A $100.0 \mathrm{~mL}$ sample of $0.20 \mathrm{M} \mathrm{HF}$ is titrated with $0.10 \mathrm{M} \mathrm{KOH}$. Determine the $\mathrm{pH}$ of the solution after the addition of 200.0 $\mathrm{mL}$ of $K O H$. The $K_{\mathrm{a}}$ of HF is $3.5 \times 10^{-4}$. 8.14 7.00 10.54 3.46 9.62

Step 1 ：Firstly, we find the moles of HF and KOH. The moles of HF is given by the product of volume and molarity, which is \(0.20 \times 100.0 = 20.0\) millimoles. Similarly, the moles of KOH is \(0.10 \times 200.0 = 20.0\) millimoles.

Step 2 ：Since the moles of HF and KOH are equal, all the HF will react with KOH to form F- and H2O. Therefore, the solution is now a solution of F- ions.

Step 3 ：The F- ions will react with water to form HF and OH-. This reaction is governed by the Kb of F-, which is given by \(K_w / K_a\), where \(K_w = 1.0 \times 10^{-14}\) and \(K_a = 3.5 \times 10^{-4}\). Therefore, \(K_b = \frac{1.0 \times 10^{-14}}{3.5 \times 10^{-4}} = 2.86 \times 10^{-11}\).

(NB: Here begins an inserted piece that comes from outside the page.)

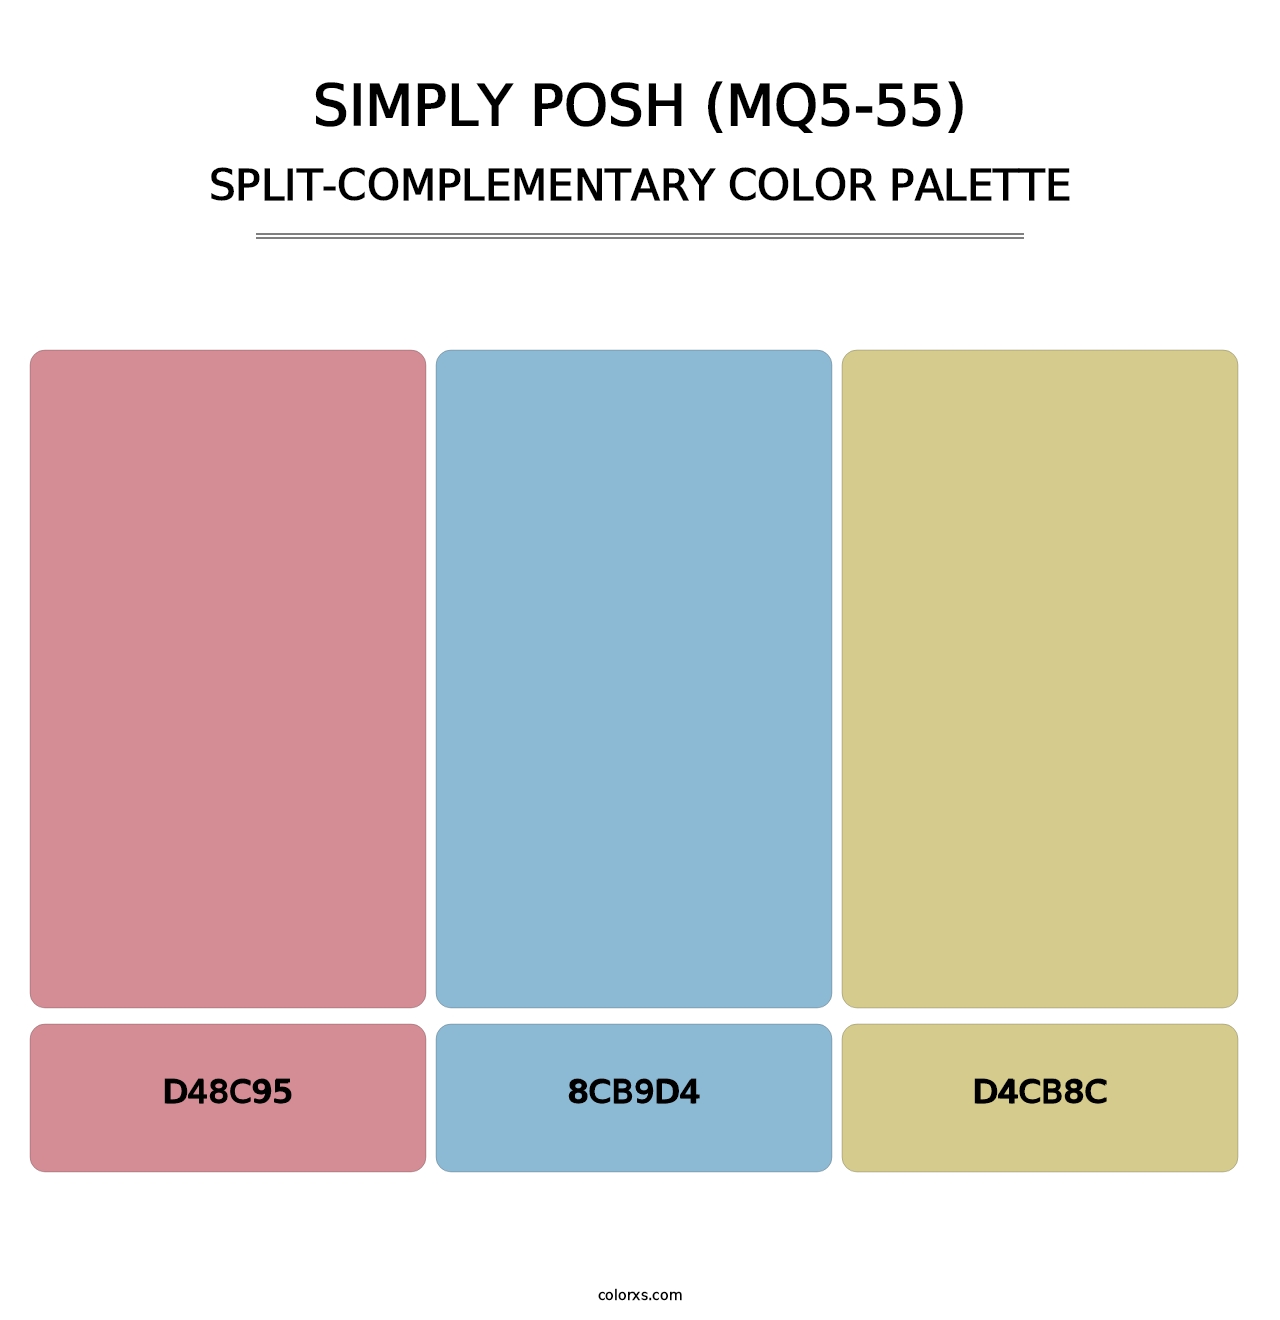 Simply Posh (MQ5-55) - Split-Complementary Color Palette

Step 4 ：Since the reaction of F- with water is a weak base reaction, we can use the expression for Kb to find the concentration of OH-. Let x be the concentration of OH-. Then, \(K_b = [OH-][HF]/[F-] = x^2 / (20.0 - x)\). Solving this equation for x, we find that x is approximately equal to \(\sqrt{20.0 \times 2.86 \times 10^{-11}} = 2.68 \times 10^{-6}\) M.

Step 5 ：Finally, we can find the pH of the solution by first finding the pOH, which is given by \(-\log[OH-] = -\log(2.68 \times 10^{-6}) = 5.57\). Then, the pH is given by \(14 - pOH = 14 - 5.57 = \boxed{8.43}\).